Было ли, не было, отсюда за семьюдесятью семью государствами жила бедная женщина. Был у нее единственный сын, да только и его-то она не всякий день накормить могла. Она бы и накормила – было бы чем. Однажды встал сын от пустого стола и говорит:
– Не хочу я, матушка, в нищете жизнь коротать, дома сиднем сидеть, пойду по свету, поищу счастья.
Заплакала бедная женщина: единственный сын у нее и того лишиться приходится. Не скажешь ведь: останься, сынок, родненький мой, в молоке да масле купать тебя стану, в тепле да в холе держать, – откуда у нее молоко да масло, откуда дровишки, чтоб огонь развести?..
А сына ее, к слову сказать, Палко звали, и был он такой красавец, что второго такого ищи не отыщешь, хоть всю степь обойди.
Ну, так вот. Плакала бедная женщина, плакала, но сыночка в путь снарядила, лепешку в золе испекла да ему в котомку сунула – с тем и отпустила счастье искать.
Шел, шел красавец Палко через горы и долы, а к вечеру попал в лес большой, в чащобу нехоженую. Увидел вдали огонек, будто свеча горит. Пошел на огонь, а он с каждым шагом все ярче да выше, под конец даже страшно стало, словно дом большой полыхает. «Ох,– думает Палко,– видно, здесь великаны живут».
Так оно и было: вокруг костра сидело великанье семейство – сам великан и сыны его. На жердях-вертелах сало поджаривали.
«Ладно! – сказал себе Палко.– Другой жизни не бывать, смертынь-ки не миновать...» И смело подошел к костру. Снял шапку Палко, вежливо поздоровался:
– Доброго вам вечера, господин мой батюшка! Повернулся к нему великан да как рявкнет:
– Это еще что за человечье отродье?
– Я это, господин мой батюшка,– отвечает Палко.

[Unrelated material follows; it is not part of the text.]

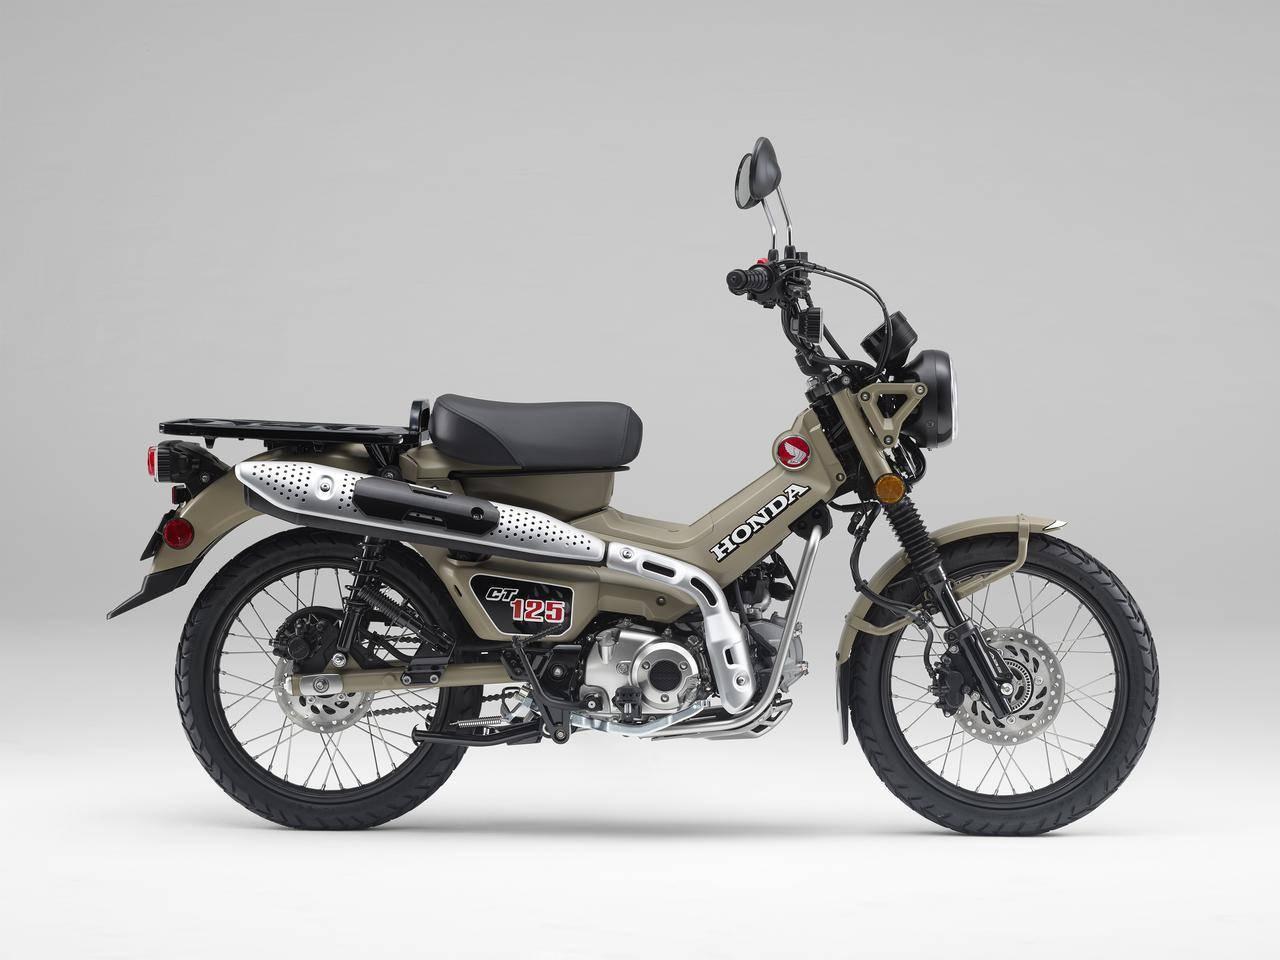 Honda ct125 2020 huntercub 1 grey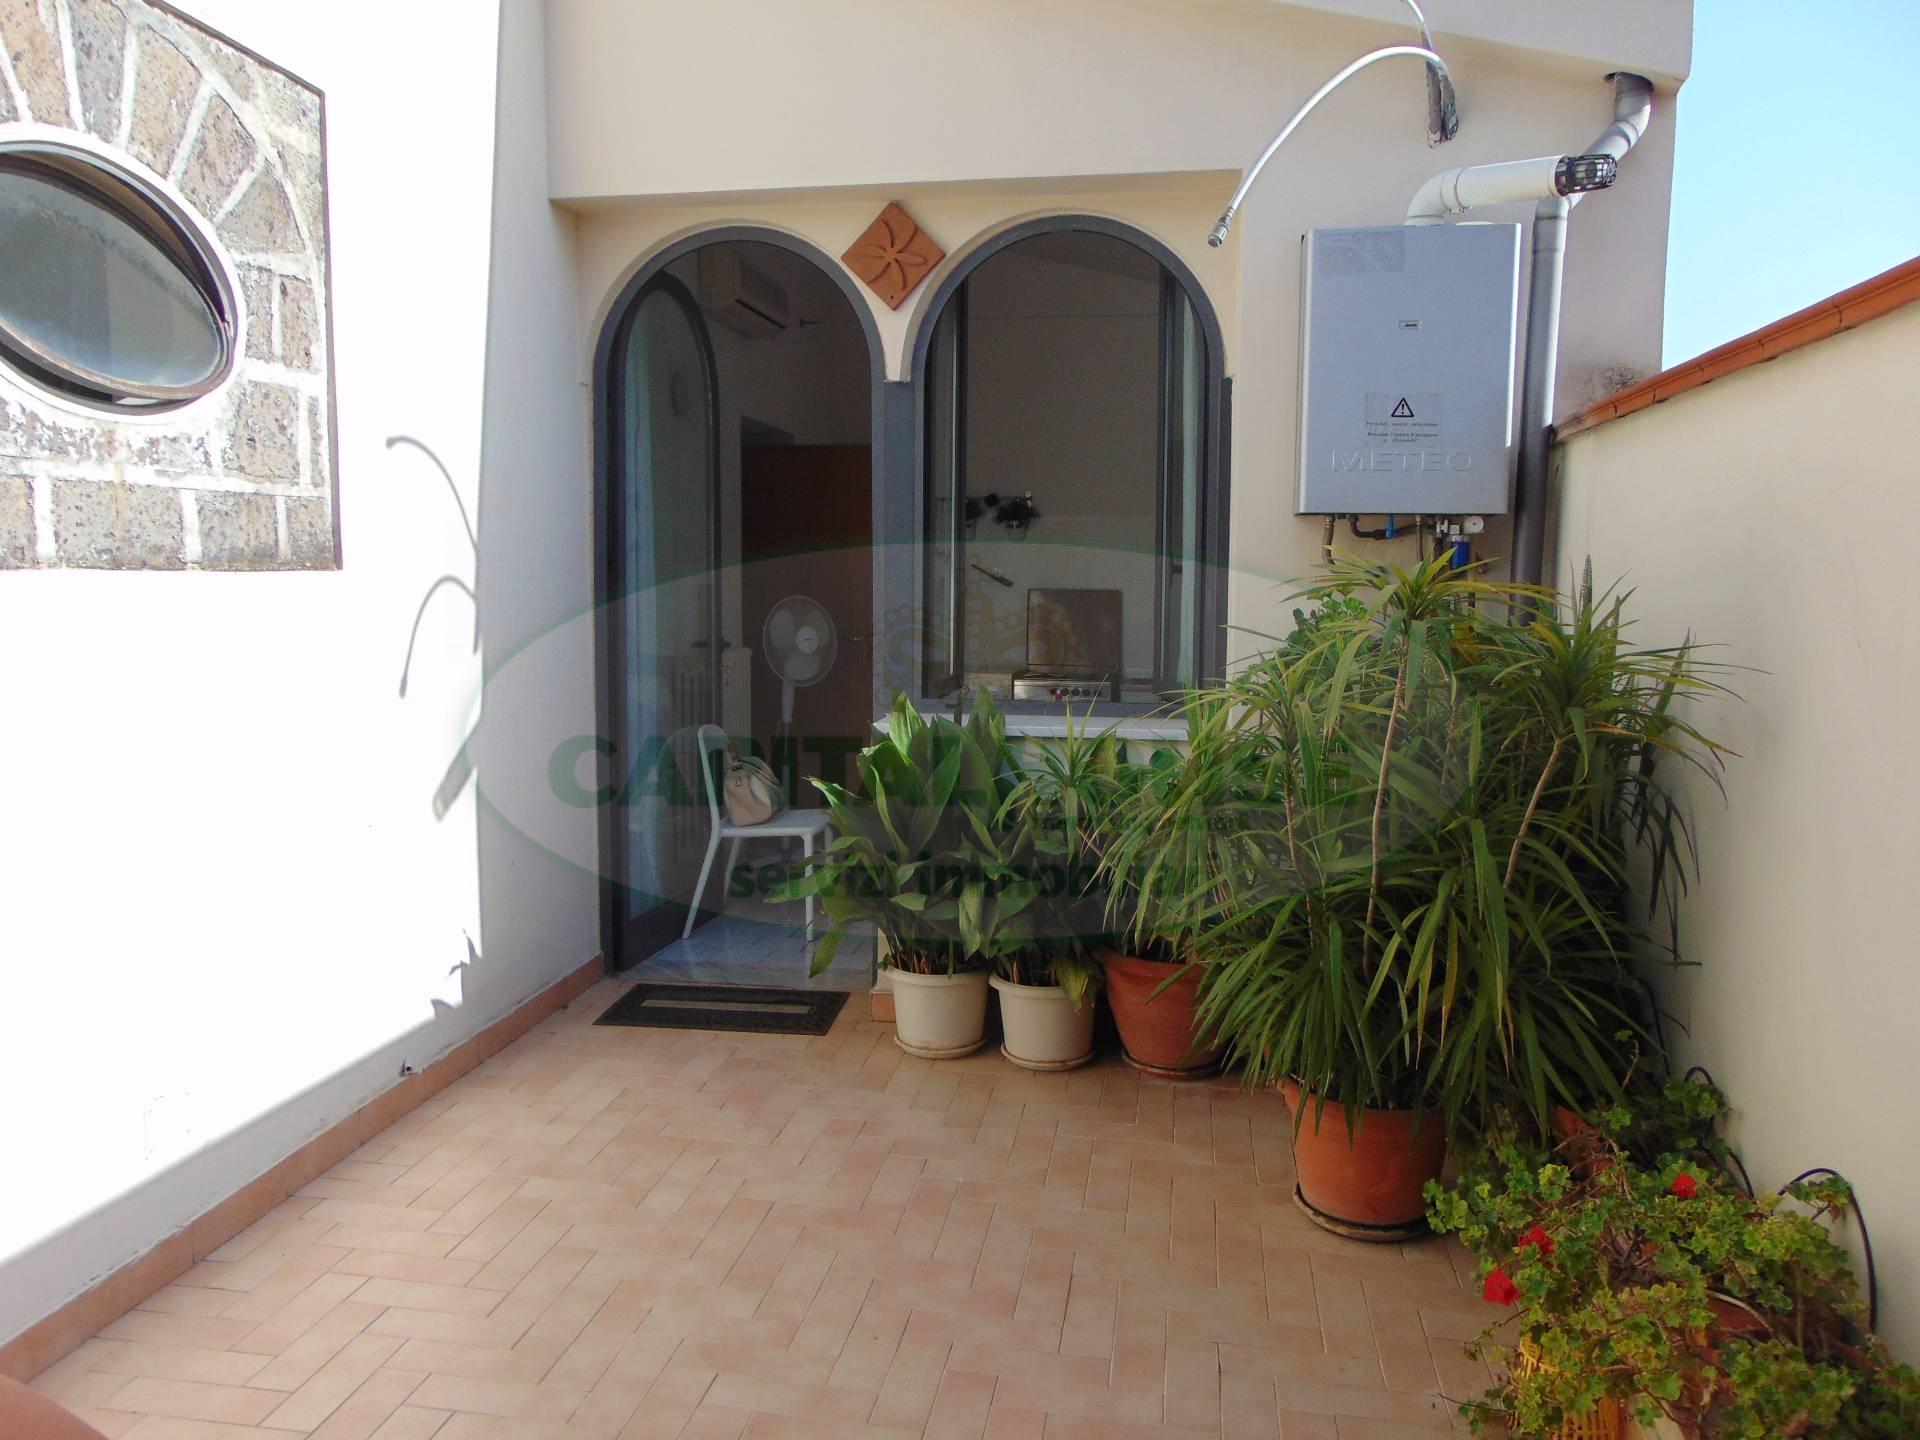 Attico / Mansarda in affitto a Santa Maria Capua Vetere, 2 locali, zona Località: ZonaCorso, prezzo € 290 | CambioCasa.it

– Кто ж ты есть, кто таков?
– Я, господин мой батюшка, бедняцкий сын, иду вот службу искать.
– Ну, благодари бога, что господином батюшкой величал меня,– сказал великан,– иначе зажарил бы я тебя на этом костре. Садись с нами, сынок!
Сел Палко с сыновьями-великанами в ряд, они его щедро жареным салом попотчевали, после того лег Палко и заснул как убитый. Утром все пробудились, великан и спрашивает:
– И куда ж ты путь держишь, Палко, сынок, где хочешь службу искать?
– Я, господин мой батюшка, к королю податься хочу, потому как слышал, там у них для работника год – три денечка, и платят бедному человеку по-божески.
– Э, сынок, король далече живет. Все ноги стопчешь, пока дойдешь. Ну, не печалься, садись мне на загорбок да за волосы крепко держись, отнесу я тебя к королю.
Взобрался Палко на великана, а великан говорит:
– Ты, Палко, глаза-то зажмурь, не то голова закружится, упадешь да разобьешься насмерть, косточек не соберешь.
Зажмурился Палко, а великан пошел с горы на гору шагать, с одной вершины на другую, море встретилось – море перешагнул, а потом на такую высокую гору шагнул, что головою небо достал. Тут он остановился, перевел дух и говорит Палко:
– Открой глаза, сынок, да скажи: что ты видишь?
– Вижу я,– отвечает Палко,– там, вдали, вроде что-то белеет. Что бы это было, господин мой батюшка?
– Это, сынок, королевский загон для овец при дворце заоблачном. А теперь опять закрой глаза.
Сделал великан еще три шага, говорит Палко:
– Открой глаза, сынок, что ты видишь?
– Будто домик вижу, господин мой батюшка.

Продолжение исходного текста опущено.